CISPG schools are currently implementing a new BC curriculum with a greater focus on understanding concepts and processes as well as personalized learning experiences that better reflect individual student strengths and challenges. Information about the new curriculum can be found on the BC Ministry of Education website.
Why is the Curriculum Changing?
We live in a constant state of change. As a result, the BC Ministry of Education has redesigned the curriculum to better engage students in their own learning and to foster the skills and competencies students will need to thrive in a complex, ever-changing global society. The new model must be one that is learner-centred and flexible and maintains a sound focus on literacy and numeracy while supporting deeper learning. The redesigned curriculum must also support the development of citizens who are proficient thinkers and communicators and personally and socially competent in all areas of their lives. The rationale for the redesign of BC curriculum can be further explored in BC’s Education Plan.
Key Features of the Redesigned Curriculum:
- Core Competencies: Communication, Thinking, Personal and Social Competency
The Core Competencies are the intellectual, personal, and social skills that all students need to be successful. They are at the centre of the curriculum redesign in BC. Read about the Core Competencies, including profiles and illustrations.
- Curriculum Model: KDU
All areas of learning are based on a three-dimensional “Know-Do-Understand” Model that supports a concept-based competency-driven approach to learning. Three elements, the Content (Know), Curricular Competencies (Do), and Big Ideas (Understand) work together. This model is further described in the document Introduction to BC’s Curriculum Redesign.
- Changes to Assessment
The redesigned curriculum highlights the importance of formative assessment, a teaching practice that strengthens student ownership of learning and includes: clarifying and sharing learning targets and criteria; providing feedback to students in a timely manner; strategic use of questioning; and using students as learning/teaching resources for one another. Read more about BC’s K-12 Assessment System.
- Changes to Reporting
The new curriculum also supports a shift from the reporting of student progress at various “fixed” intervals to “communicating student learning” on an ongoing basis using authentic assessment practice. Your Kids Progress describes the public’s view of the current state of reporting in BC. A final draft of BC Ministry expectations regarding reporting should be completed by the end of the 2017-2018 school year.
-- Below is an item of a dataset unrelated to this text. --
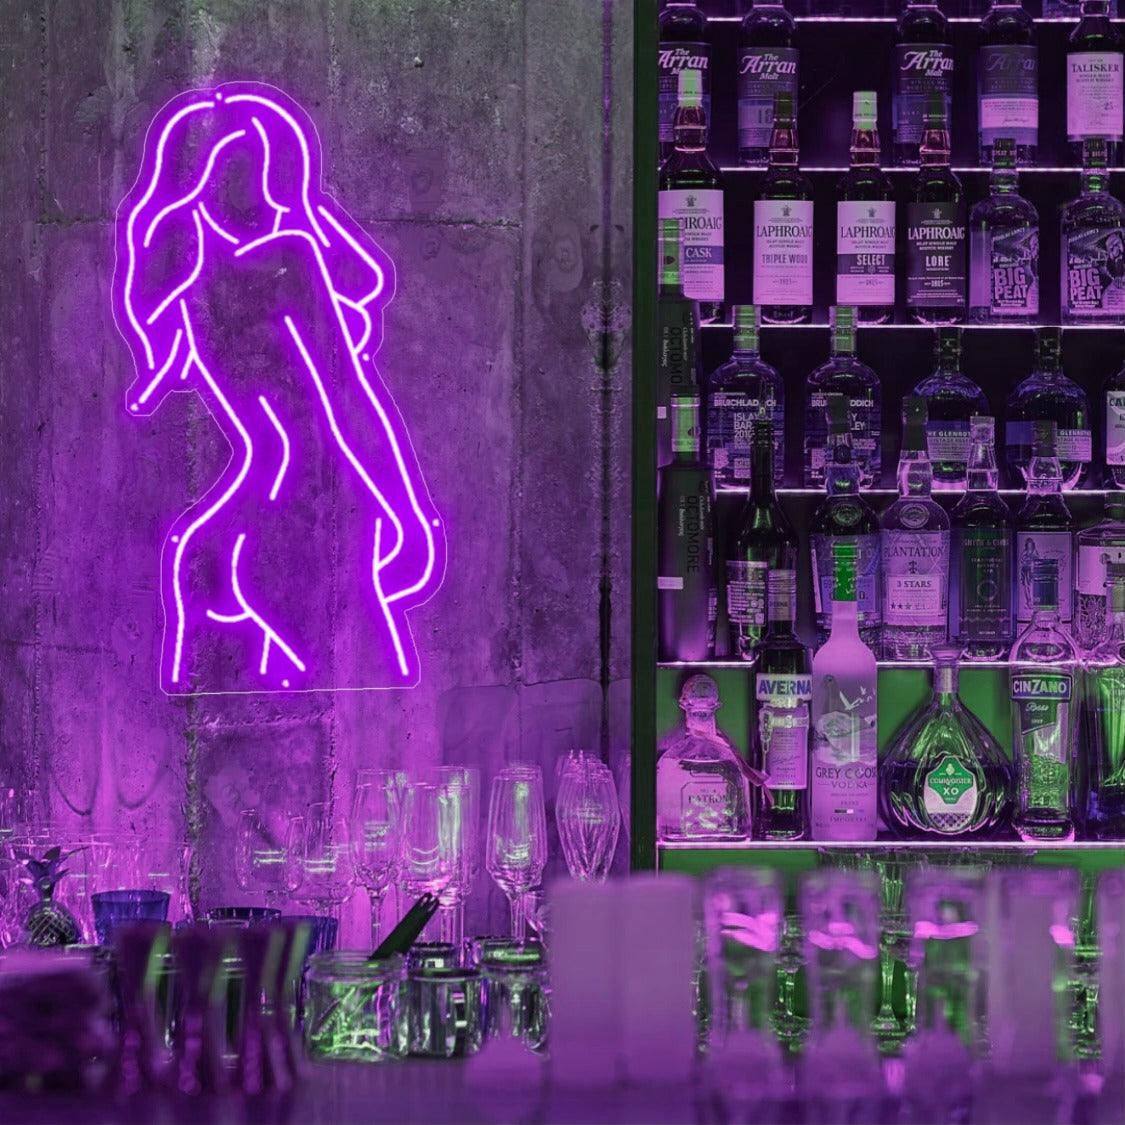 'Female Pose' LED Neon Sign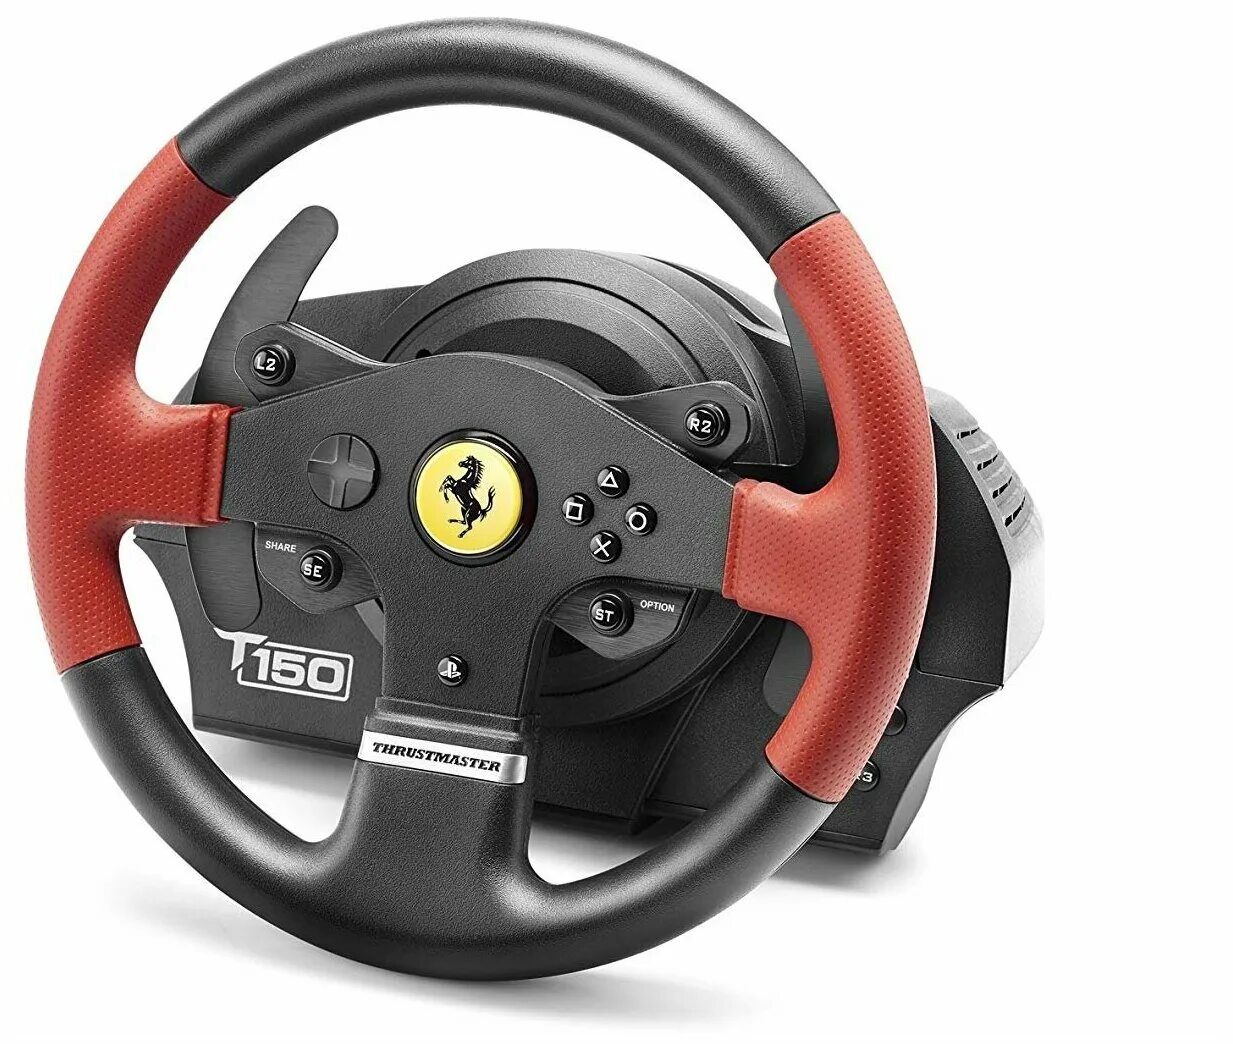 Ferrari t80. Thrustmaster t150 Ferrari Force feedback. Thrustmaster t150 Ferrari Wheel Force. Игровой руль Thrustmaster t150. Руль Thrustmaster t150 150 Ferrari.

- Increased Focus on Aboriginal Perspectives and Content
The curriculum redesign incorporates Aboriginal voice and perspective and ensures that Aboriginal understandings are part of the learning journey for every student. Aboriginal perspectives are now clearly embedded in all strands of the BC curriculum in authentic and meaningful ways. An important aspect of Aboriginal worldviews is place-based learning where teachers are encouraged to teach in ways that respect the uniqueness of students’ “place” and occur both within the school and the wider community. The First Peoples Principles of Learning generally reflect First Nations pedagogy.